His contributions advance the knowledge of space
With his feet planted firmly on the ground, William R. Ward, Ph.D., looked up at the stars and saw potential. Ward graduated from UMKC in 1968 with dual degrees in physics and mathematics from the College of Arts & Sciences with the goal of becoming a planetary scientist.
But, he didn’t initially come to UMKC with this direction in mind. In fact, he began his studies with the intention of studying business.
Thanks to a Foundations of Physical Sciences course taught by Professor Norman Royall, the professor for whom Royall Hall was named, Ward was inspired to change his major.
“I realized that a research career in physics and mathematics would be fascinating and a good match with my strengths,” he says. “Plus, the space program was just getting underway, and the outlook for a career in this area was promising.”
After completing his degrees at UMKC, Ward went on to California Technical Institute to earn his doctorate in planetary sciences. After graduating, he went on to work at NASA’s Jet Propulsion Laboratory. Ward currently works at the Institute Scientist at Southwest Research Institute in Boulder, Colo. He will be honored this April by the campus and the UMKC Alumni Association with the College of Arts & Sciences Alumni Achievement Award.
Over the course of his career, Ward has introduced several new ideas that have shaped his field, the knowledge of its scientists and assisted people in understanding the universe better. He has studied the formation of the earth’s moon and, along with other scientists, helped formulate the widely accepted ‘giant impact theory.’ He has also focused on swings in Mars’ polar axis, believed to create variations in that planet’s climate.
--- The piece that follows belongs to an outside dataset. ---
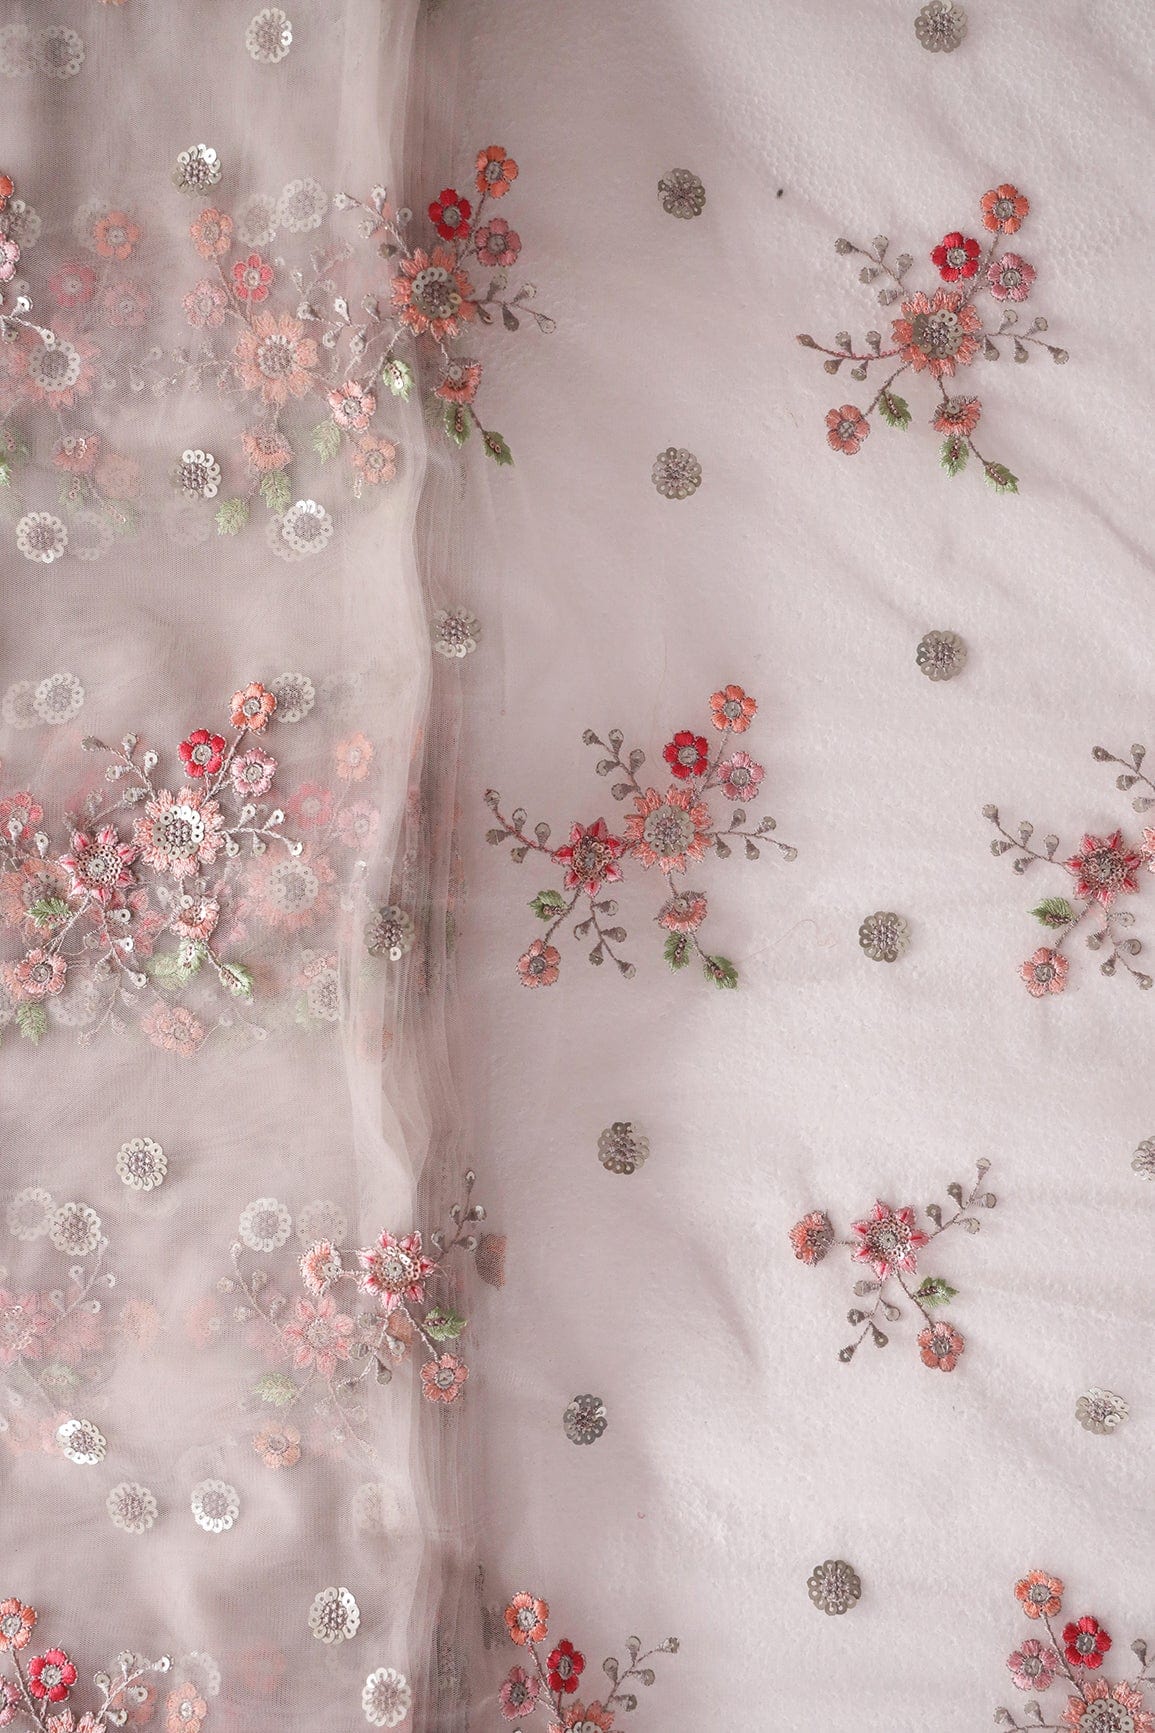 doeraa Embroidery Fabrics Multi Thread With Sequins Floral Butta Embroidery On Light Grey Soft Net Fabric

Another leading idea attributed to Ward is that of ‘migration.’ Much of his research has focused on understanding the interactions between newly formed planets with the circumstellar disks of gas and solid material from which they originate. Although such disks eventually dissipate, during their lifetime, they exert enormous forces on any embedded planet, modifying its orbit. As a result, large planets can be quite mobile, and Ward predicts that many may ‘migrate’ inward close to their star.
Ward has traveled all over the world giving lectures, presenting at seminars and attending conferences.
“It has been my foremost goal to advance our knowledge and understanding of the origins of the Earth and our solar system. I have always considered this a noble mission, and it has also proved to be a wonderful and exciting profession,” he says.
Ward has received numerous honors and awards for work in his field including lifetime achievement awards from both the Division of Dynamical Astronomy (Brouwer Award, 2006) and the Division of Planetary Sciences of the American Astronomical Society (Kuiper Prize, 2011).
“The desire to significantly contribute to the field of planetary sciences has always been my primary driver. Over the course of my career, I have been privileged to introduce several new ideas and concepts that have become incorporated into the current state of knowledge and employed by the community as a whole,” he says.
Ward will be honored with his fellow 2015 Alumni Awardees on April 23 at Swinney Recreation Center. The luncheon is one of the university’s largest events and proceeds support student scholarships. Last year’s luncheon attracted nearly 600 attendees and garnered more than $117,000 in student scholarships.